Finger pointed at police, social workers
SOCIAL workers and police who ignored evidence of violent sexual abuse of young girls in Oxford, England, were products of a culture of turning a blind eye to children being sexualised at an ever younger age.
A Serious Case Review into grooming of girls as young as 11 in the city found they had suffered an indescribably awful ordeal under the noses of officials who showed a worrying lack of curiosity.
It estimates that at least 370 girls are likely to have been targeted for child sexual exploitation in Oxford alone over the last 16 years, although it acknowledges the figure could be conservative and insists the pattern is likely to be replicated in cities across the country.
It follows the conviction of seven men, all from a Muslim background, for a series of sexual offences against six white girls.
The review, published by the Oxfordshire Safeguarding Children’s Board, found that:
Opportunities to intervene were missed because social workers often had no basic human connection with girls, treating them as problem children;
Police ignored evidence of rape and violent sexual abuse, telling parents it was “none of their business”; and
Victims were accused of prostituting themselves and deliberately putting themselves at risk.
But the report stops short of calling for individual resignations and concludes the failings happened because of ignorance about the scale of the problem or the patterns of grooming rather than wilful neglect of duties.
Instead, it takes aim at an erosion of recognition of what should be basic boundaries and the age of consent in an increasingly sexualised environment – singling out the fact that children are being routinely handed contraception long before they can legally have sex.
The report warns that a professional tolerance of underage sex has infected many areas of the public sector.
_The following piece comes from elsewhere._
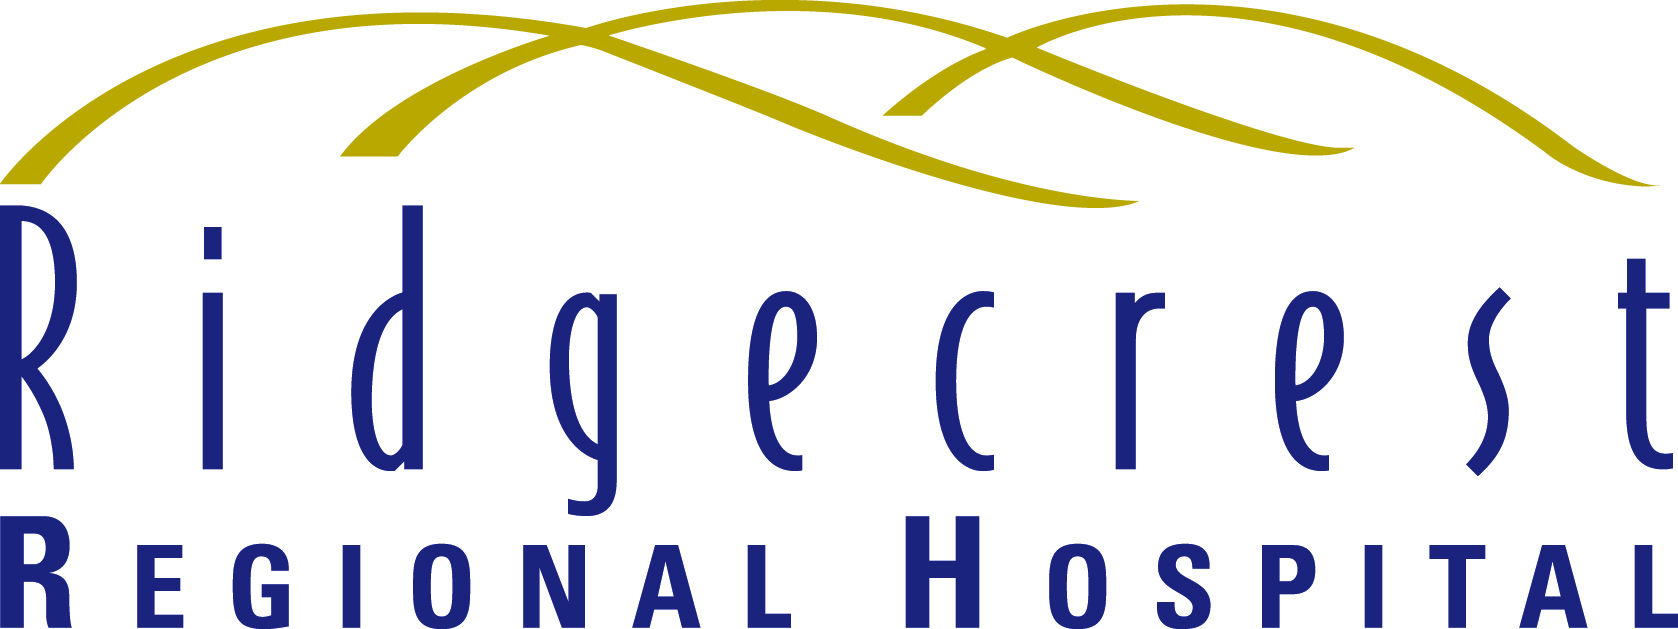 1.Ridgecrest Regional Hospital (Platinum)

It calls for government departments to consider overhauling guidelines for professionals to clarify the law on consent.
The report also urges the government to carry out research into why there is a particular problem with child sexual exploitation within the Muslim or Pakistani community in Britain.
However, the report claims there was no evidence in Oxford – unlike elsewhere – of professionals deliberately ignoring what was going on because of fear of being called racist.
“What happened to the child victims of the sexual exploitation in Oxfordshire was indescribably awful . . . the child victims and their families feel very let down.”
The report goes on: “The Serious Case Review has seen no evidence of wilful professional neglect or misconduct by organisations, but there was at times a worrying lack of curiosity and follow-through, and much work should have been considerably different and better.”